• AIM OF THE EXERCISE: Set down each line of the material that follows, exactly, with no pictures.

• GIVEN MATERIAL:
• • •
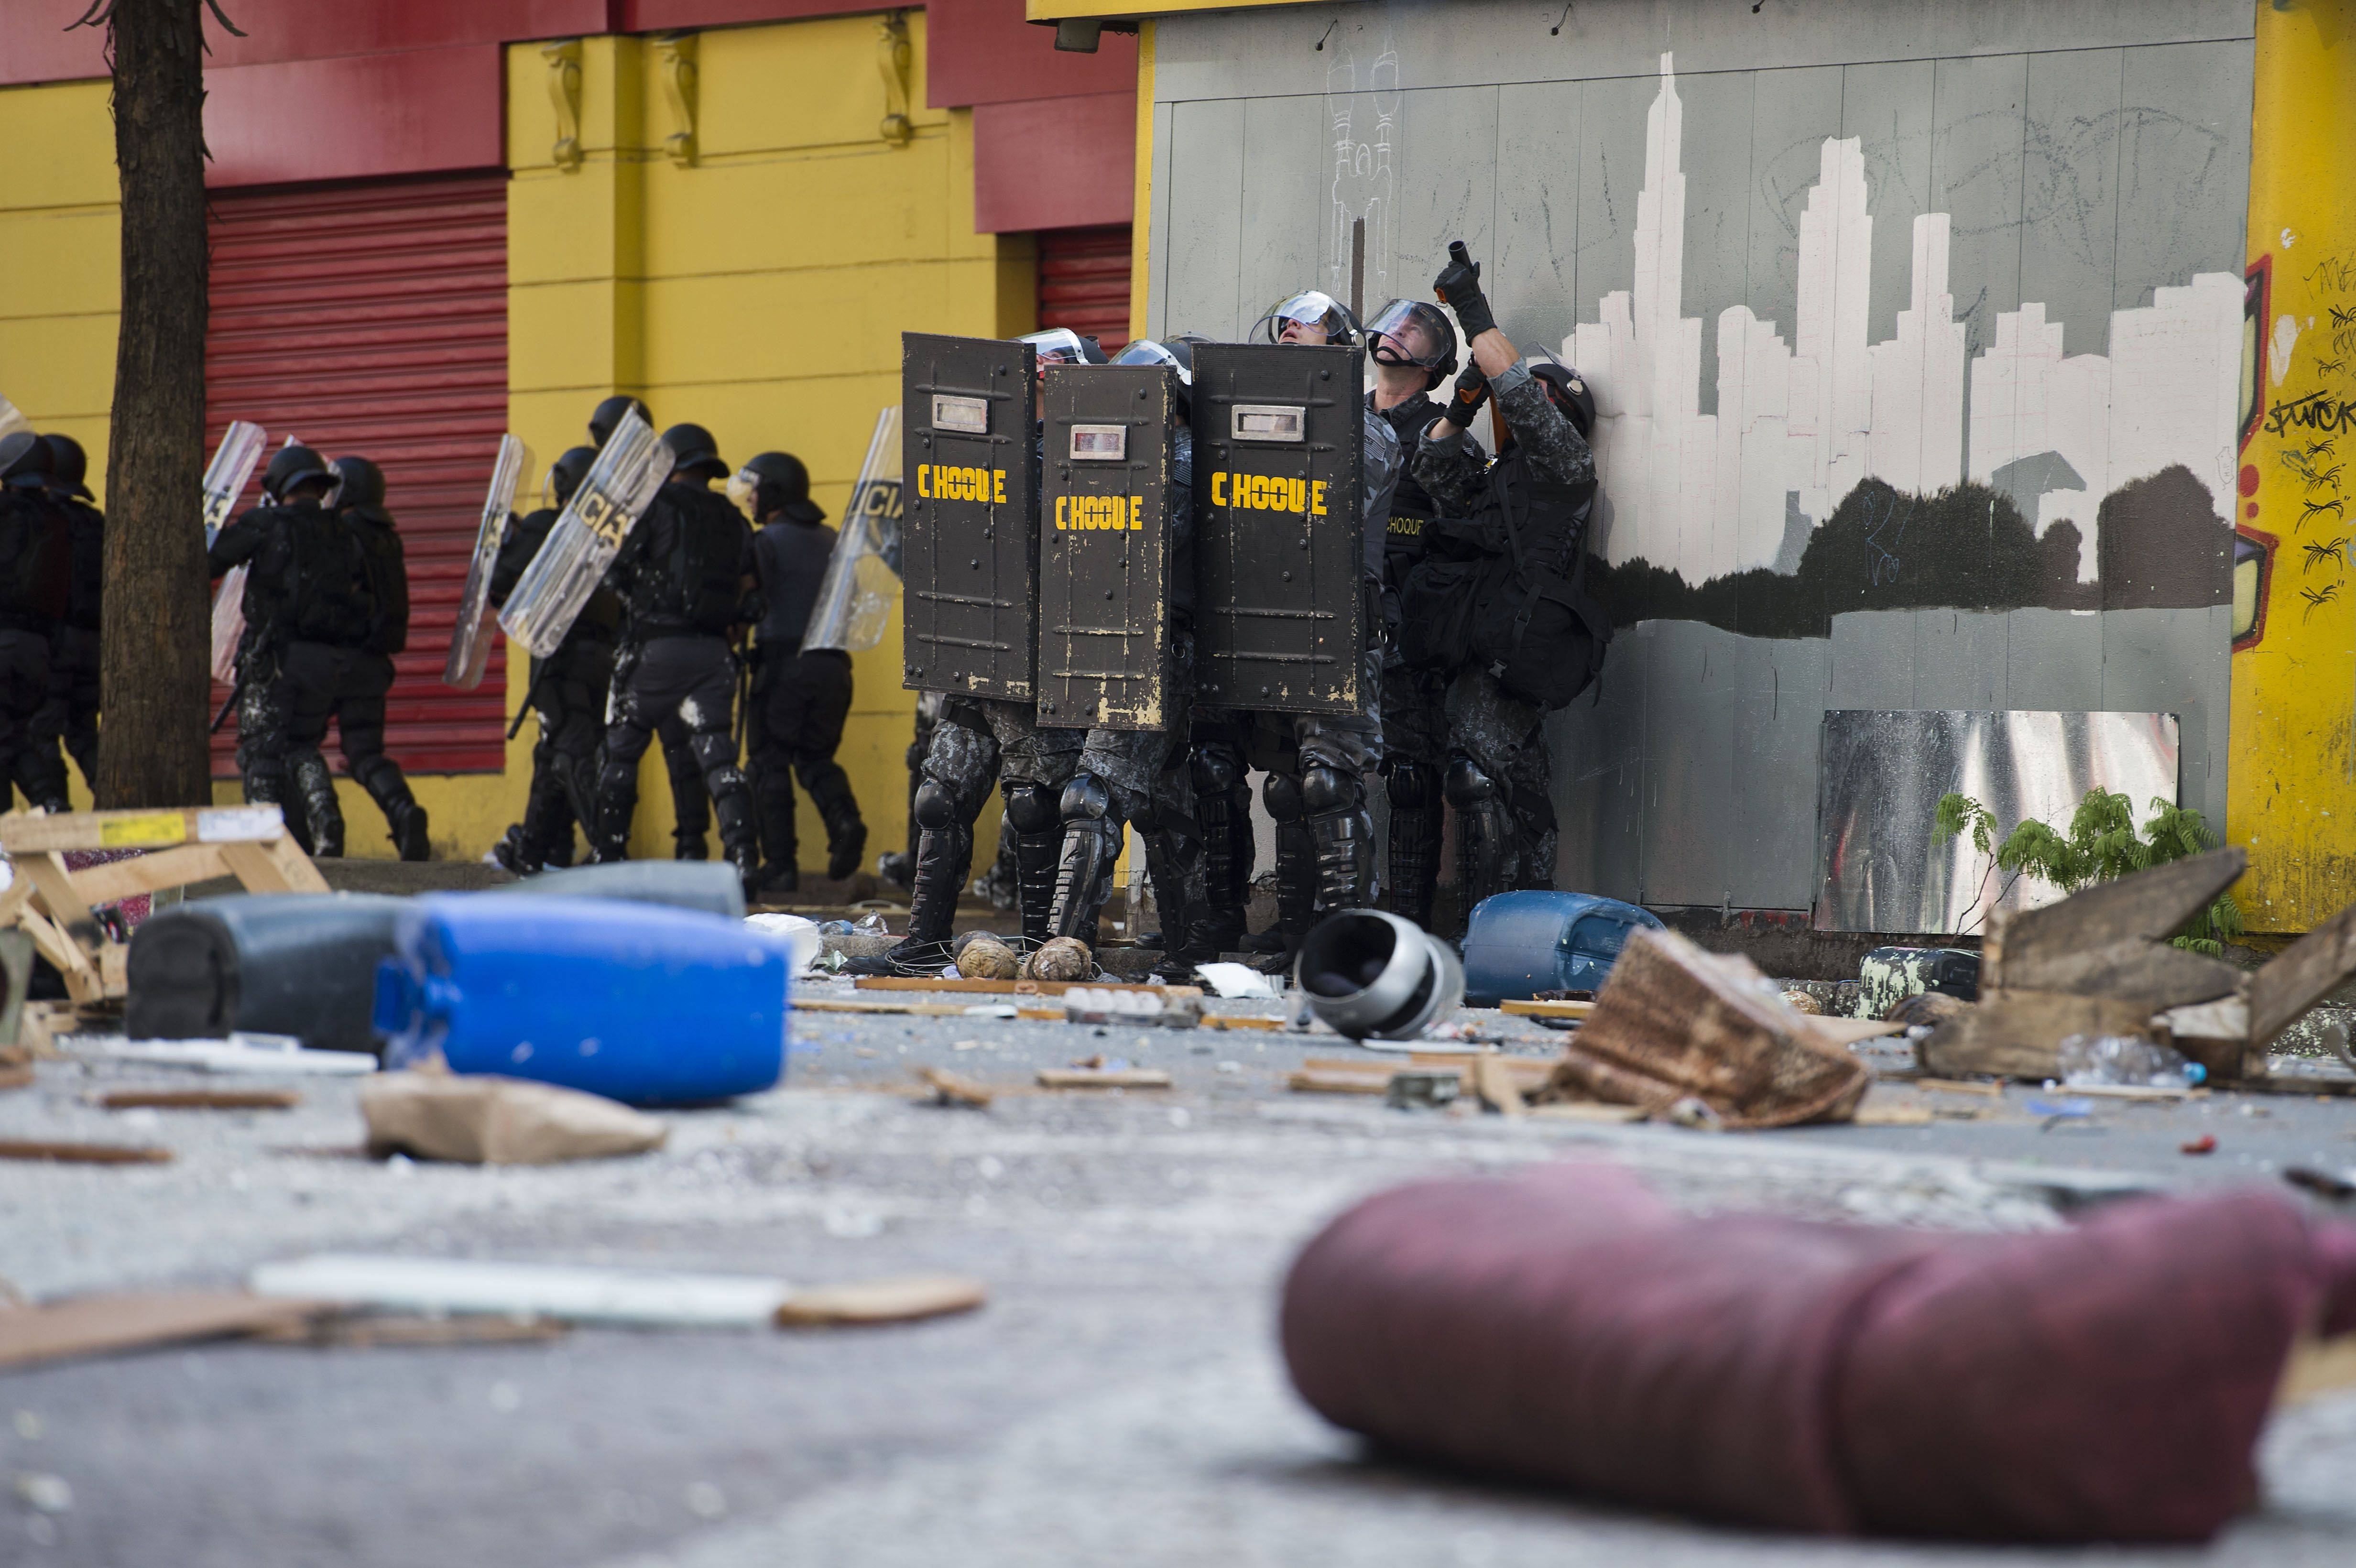 Lanzan palos y hasta sillones en violento desalojo de edificio ocupado en Sao Paulo
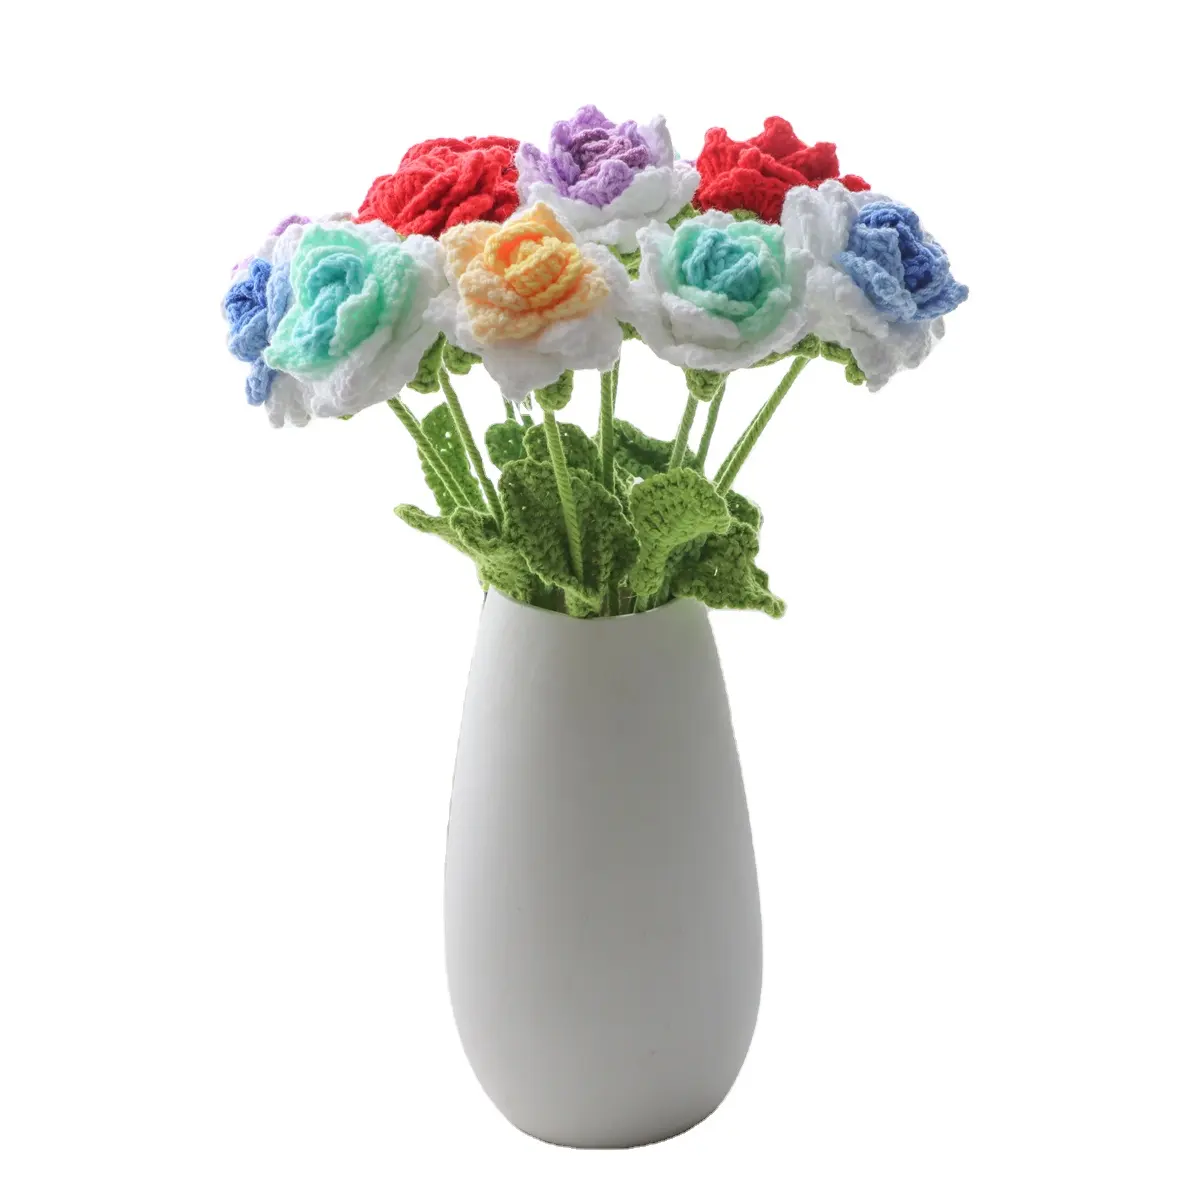 Yeni tasarlanmış el-dokunan sivri köşe gül tığ çiçek yapay bitki sevgililer günü hediyeleri için
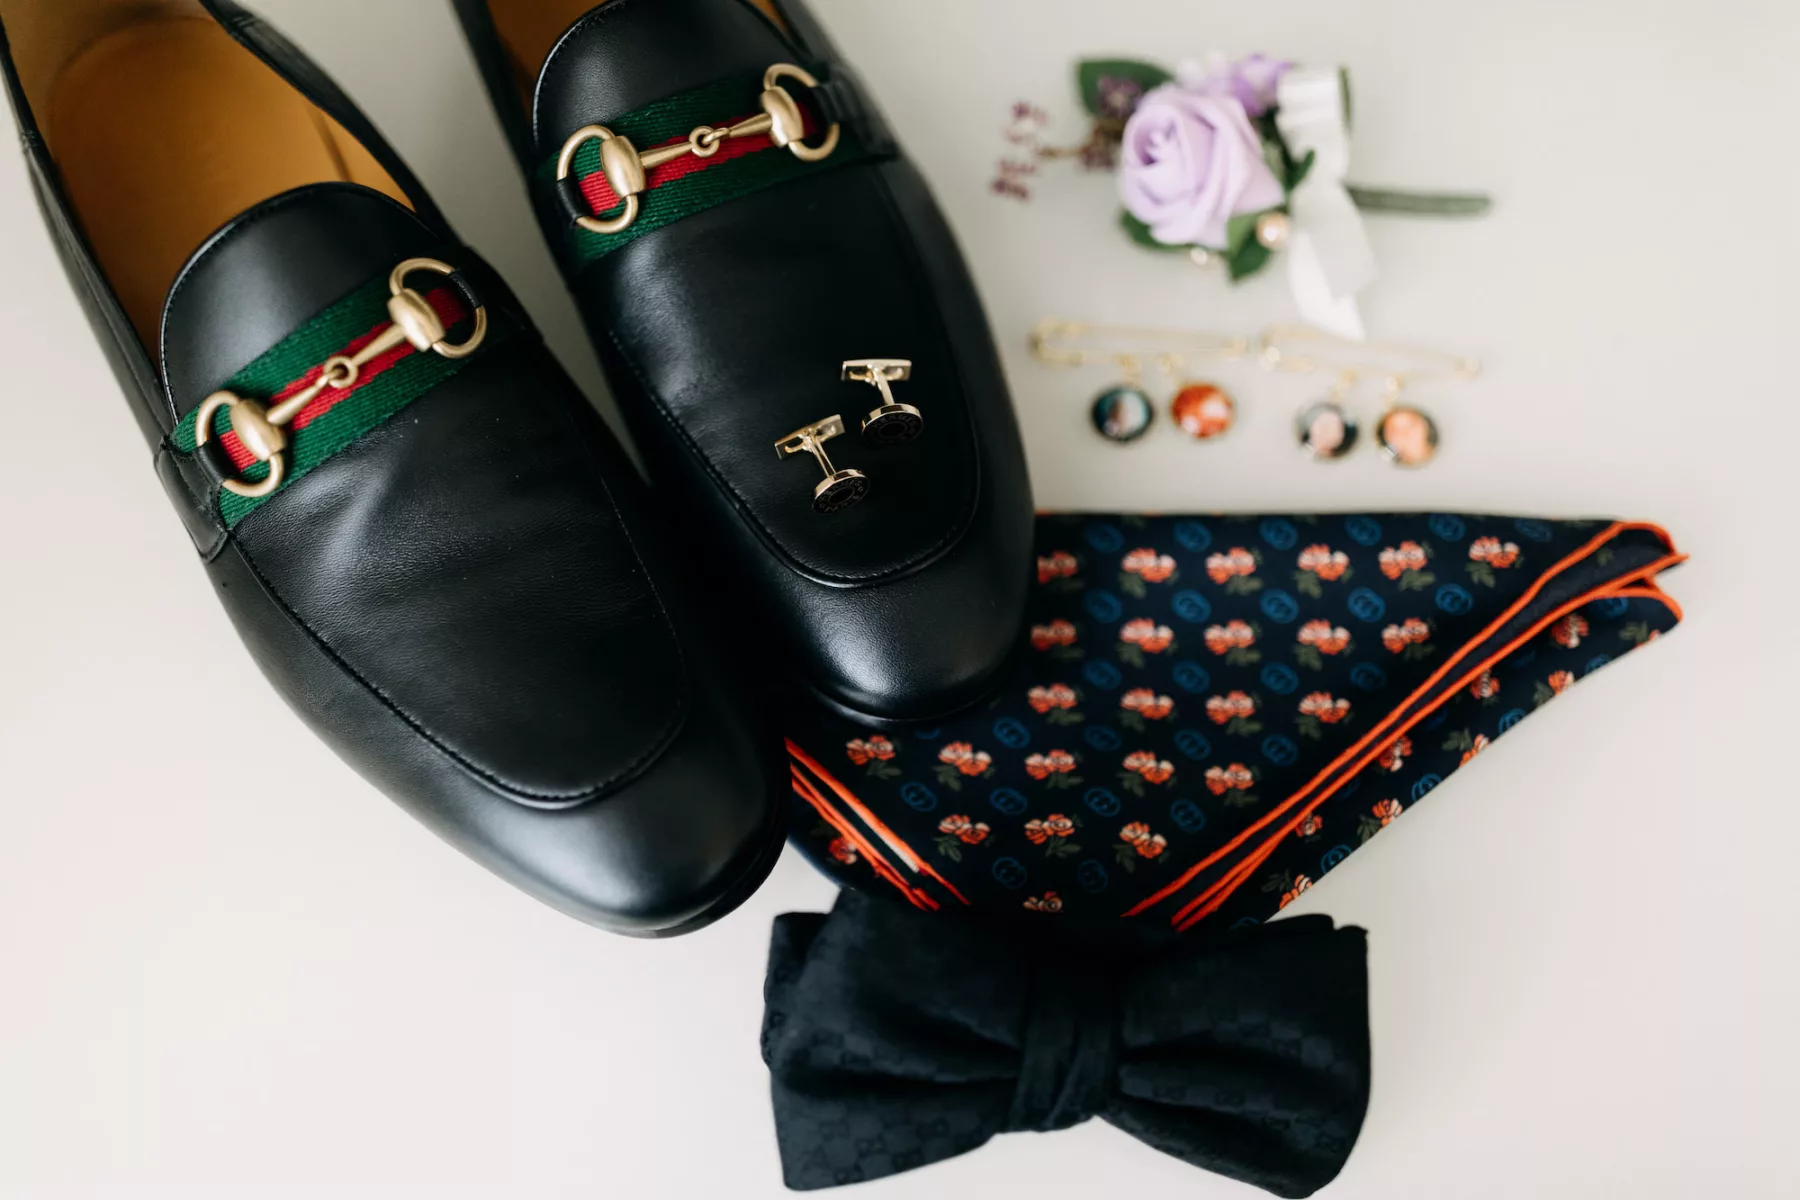 Groom Black Leather Gucci Loafer Wedding Shoe Inspiration
• • •
• REPLY TO THE EXERCISE:
 Lanzan palos y hasta sillones en violento desalojo de edificio ocupado en Sao Paulo
 Yeni tasarlanmış el-dokunan sivri köşe gül tığ çiçek yapay bitki sevgililer günü hediyeleri için
 Groom Black Leather Gucci Loafer Wedding Shoe Inspiration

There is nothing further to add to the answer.